Do you pay tax on Stocks and Shares ISA accounts?

As long as you stick within your personal annual ISA allowance of £20,000, your contributions will be completely tax-free. You can spread your contributions across all the five types of ISA or put the total sum of £20,000 into one type of ISA account. However, it would be best to remember that the maximum annual allowance with a junior ISA is £4,000.

The individual investor is responsible for ensuring that he or she does not exceed the annual ISA allowance in any one tax year. If you think you may have done this accidentally, you should contact your ISA provider and HM Revenue and Customs.

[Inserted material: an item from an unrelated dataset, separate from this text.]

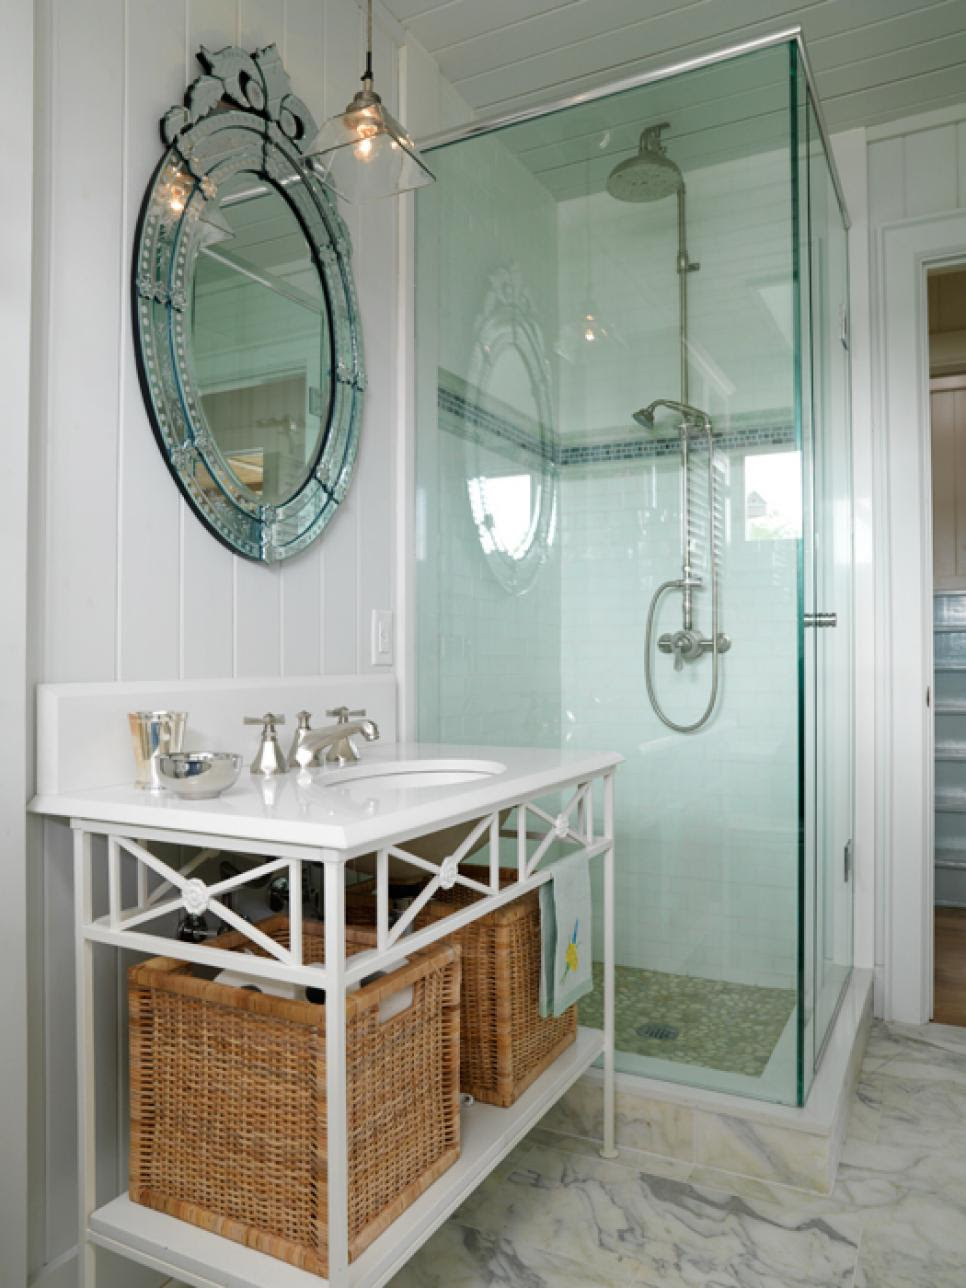 12 Clever Bathroom Storage Ideas | HGTV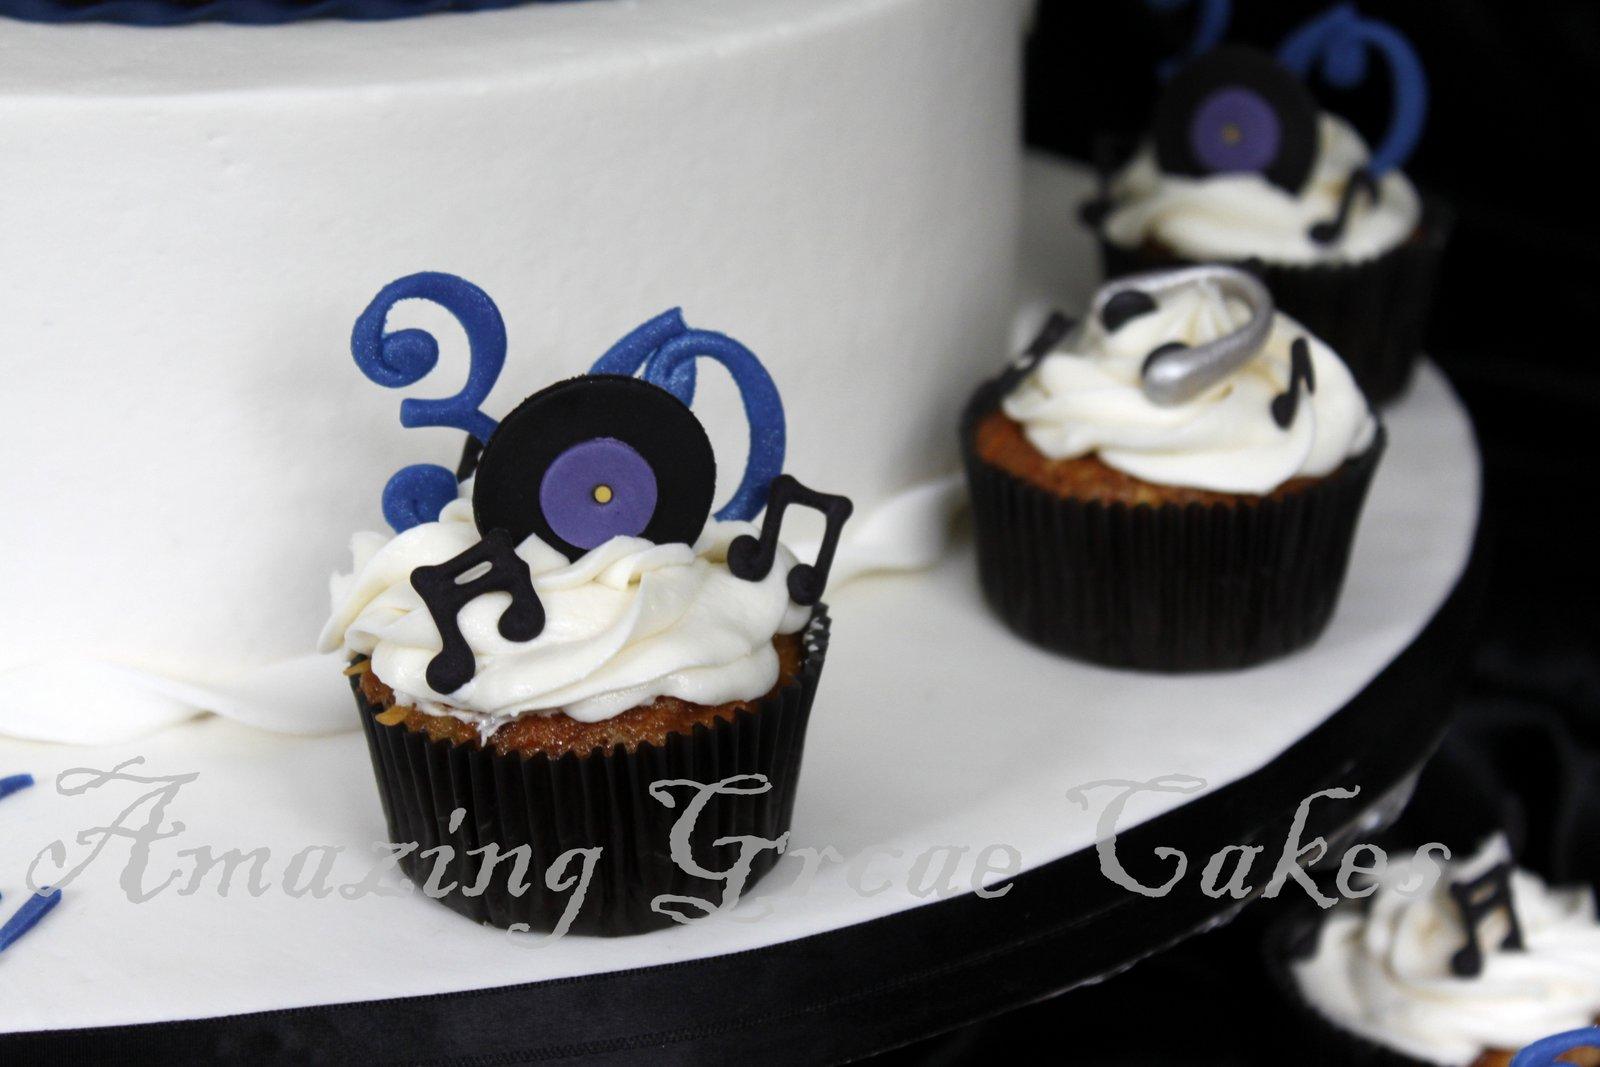 Amazing Grace Cakes DJs 30th Birthday

None of the overpayments will be entitled to any tax relief, and HMRC could penalise you.

Is Capital Gains Tax payable on stocks and shares ISA investment growth?

The situation with Stocks and Shares ISA capital gains tax is quite clear. You will not pay any tax on the growth of your investment or any returns or interest. In addition, you will not pay tax on dividends in your post portfolio, nor will you pay any capital gains tax on any profits your Stocks and Shares ISA makes.

Do I pay tax on Stocks and Shares ISA withdrawals?

You don’t pay tax on Stocks and Shares ISA withdrawals. However, withdrawing money from a Stocks and Shares ISA tax-free wrapper and saving it in other types of investment accounts means that the money loses its tax-free status. Should you withdraw money from an ISA into which you’ve subscribed during the current tax year, the balance of your ISA allowance won’t be adjusted. This means is that if you add those funds back in at a later date, they can still count towards your overall annual ISA allowance.

What about Stocks and Shares ISA tax on dividends?

Regardless of the size of any dividends you receive from the stocks and shares in your Investment ISA, you will not pay any tax.


Do you pay tax on a Stocks and Shares ISA?

No, a Stocks and Shares ISA is a tax wrapper, so it is free of tax. You don’t have to pay Capital Gains Tax (CGT), Income Tax and Dividend Tax on stocks and shares ISA.

Are Stocks and Shares ISA completely tax-free?

No, even though a Stocks and Shares ISA is a ‘tax-sheltered’ investment account, it is not totally tax-free. Stocks and shares ISA is not protected from Stamp duty, Inheritance tax and Corporation tax.

Do you have to declare Stocks and Shares ISA on your tax return?

No, you don’t have to declare Stocks and Shares ISA (interest, income or capital gains) on your annual tax return.